Frequently Asked Questions About the Zadroga Act and the September 11th Victim Compensation Fund
What did the James Zadroga Health and Compensation Act of 2010 do?
The Zadroga Act did two main things: it created the World Trade Center Health Program, consolidating and expanding several programs already in place, and it reopened the September 11th Victim Compensation Fund (VCF) to people injured before May 30, 2002 who did not qualify or apply for compensation from the first Fund.

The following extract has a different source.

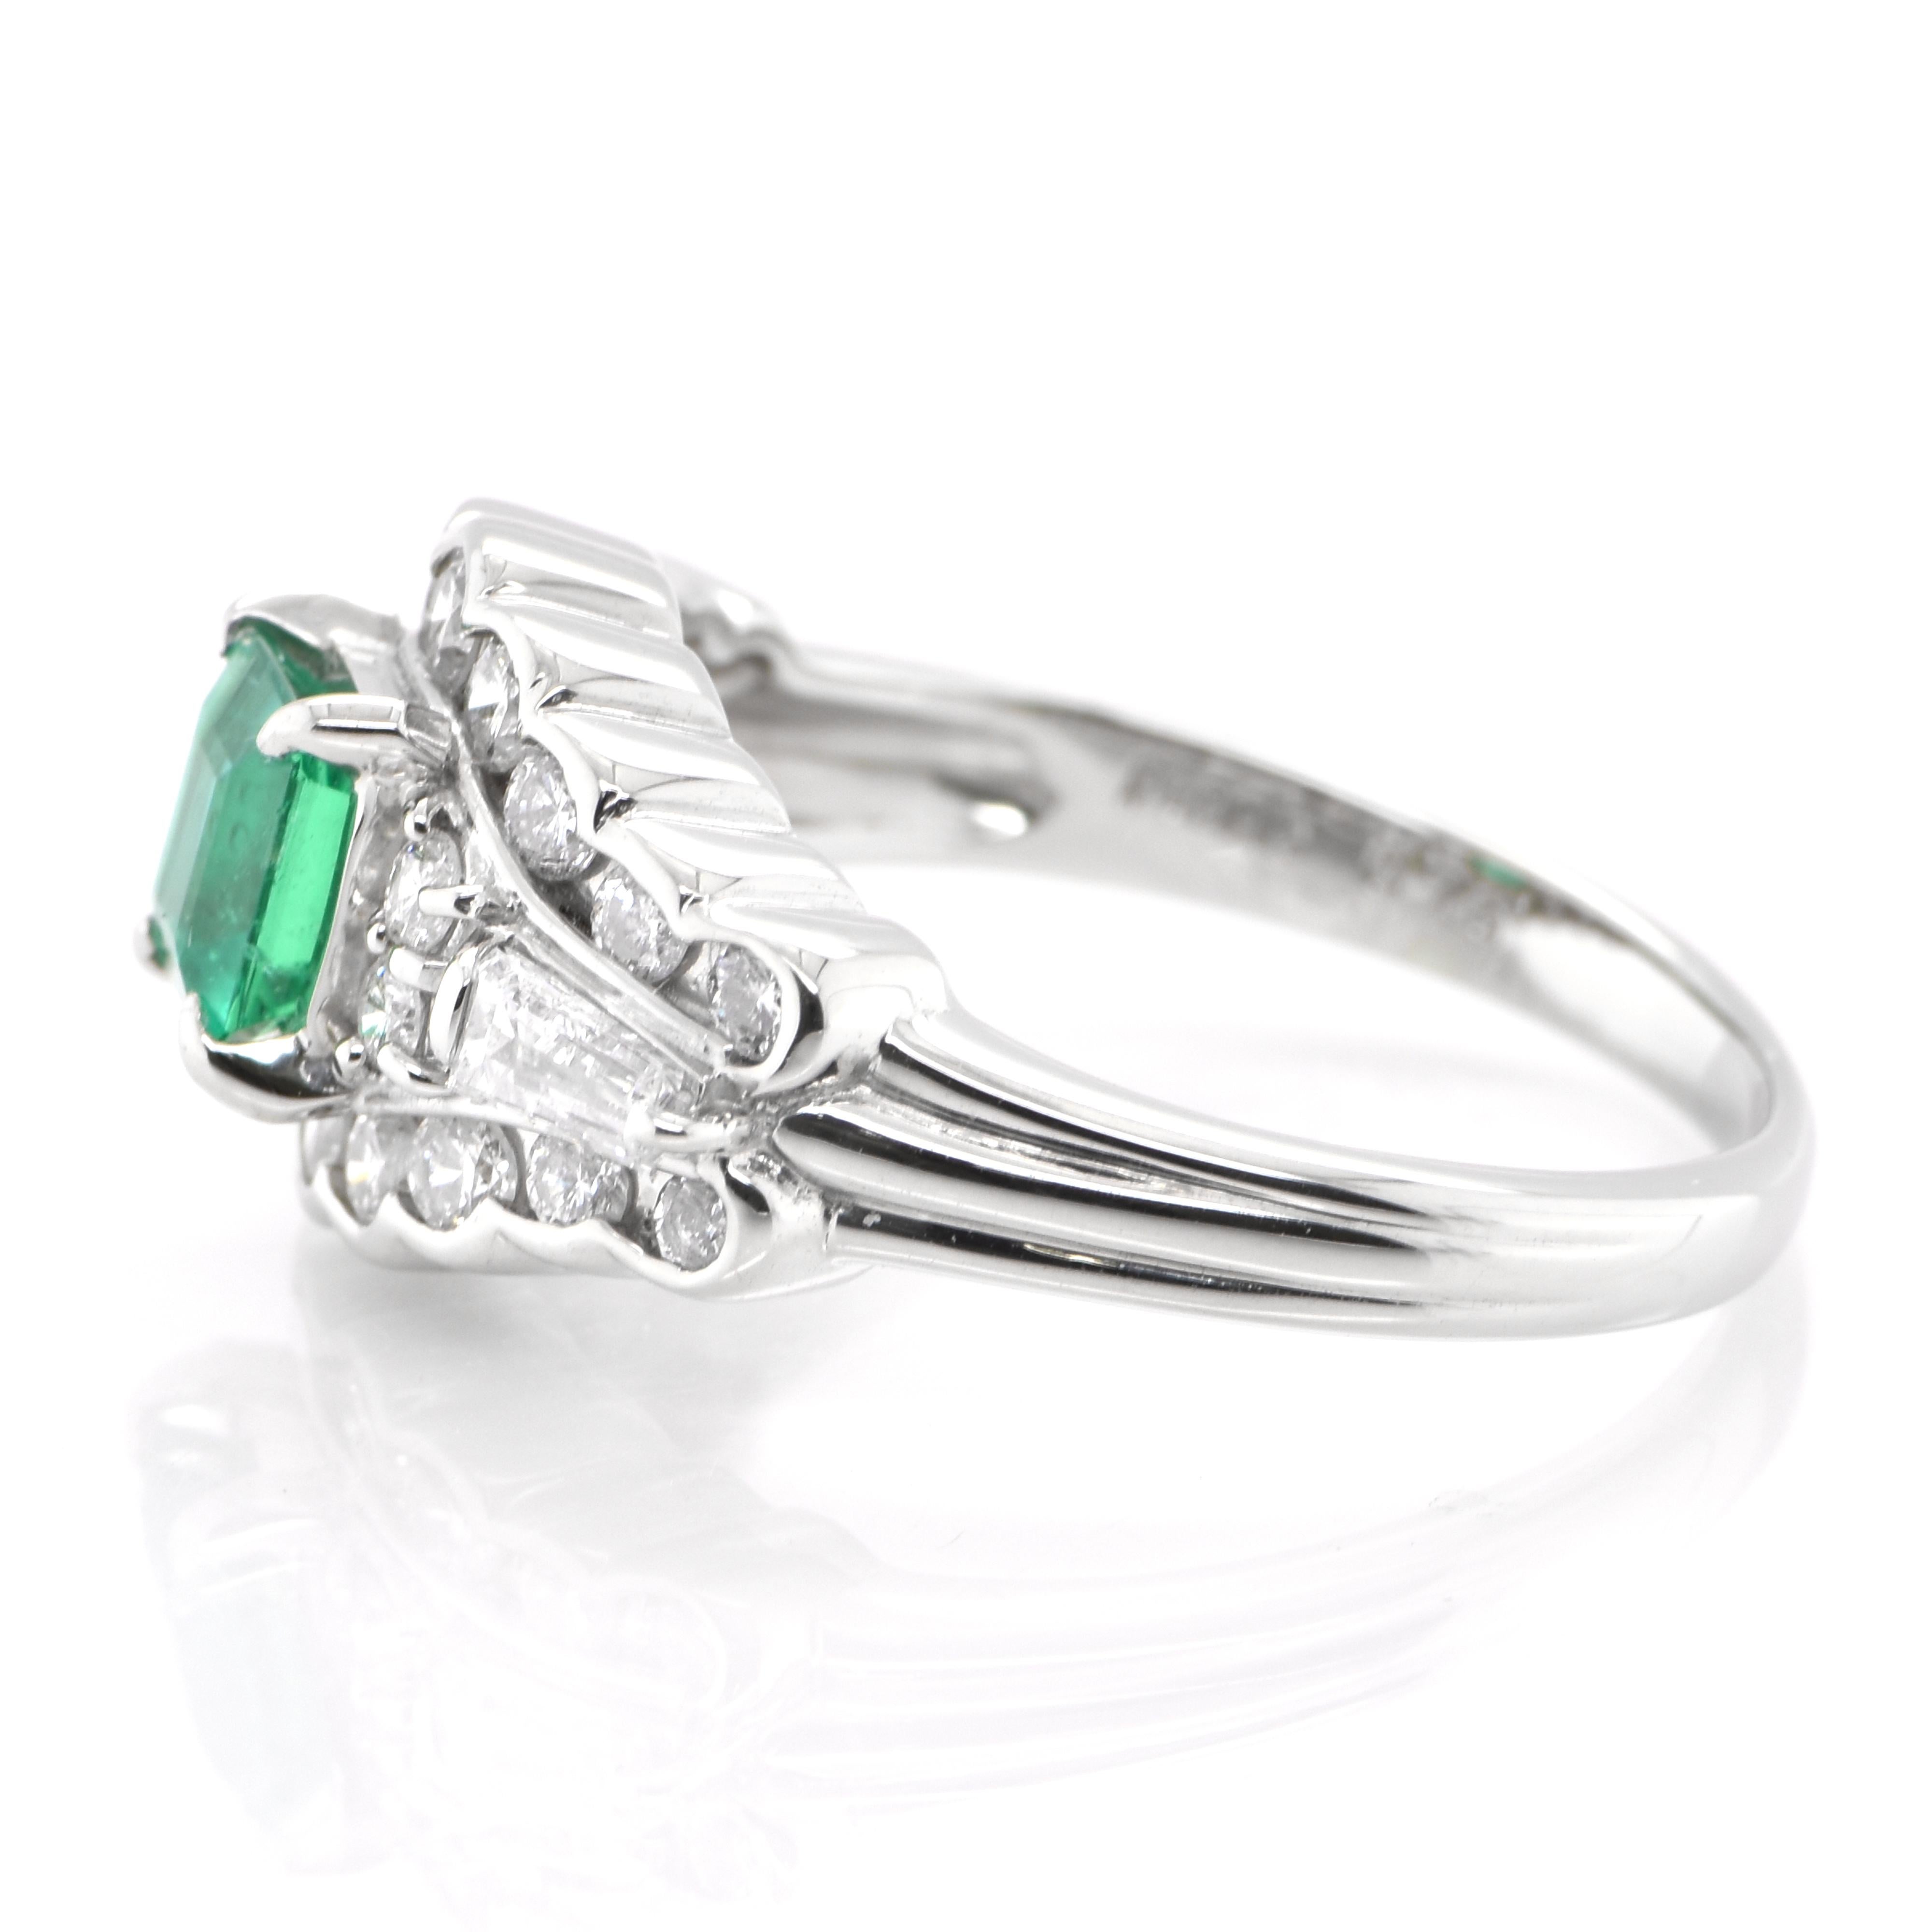 Emerald Cut 0.76 Carat Natural Emerald and Diamond Antique Ring Set in Platinum

How much money is available to the VCF?
Unlike the first VCF — the one established in 2001 that closed in 2004 — this second Victim Compensation Fund has a limited $2,775 billion appropriation. Of that, only $875 million is available in the first five years of the program to cover the program’s administrative costs as well as provide smaller initial payments to claimants. Some experienced observers have expressed concern that $2.775 billion will prove inadequate, especially in light of the recent inclusion of certain cancers among the illnesses and injuries covered by the VCF.
Is there a time limit on filing claims with the VCF?
In general, the Zadroga Act provides claimants two years from October 3, 2011 to register with the VCF. If you learned of a physical injury or harm resulting from exposure to 9/11 crash sites and debris after October 3, 2011, you have two years from the date you knew of or should have known of the physical harm.
How does the VCF differ from the WTC Health Program?
The VCF provides some financial compensation to people who suffered a physical injury or illness as a result of exposure to WTC and 9/11 crash site debris. The WTC Health Program does not offer any direct financial compensation, but provides medical care and monitoring for WTC-related health conditions.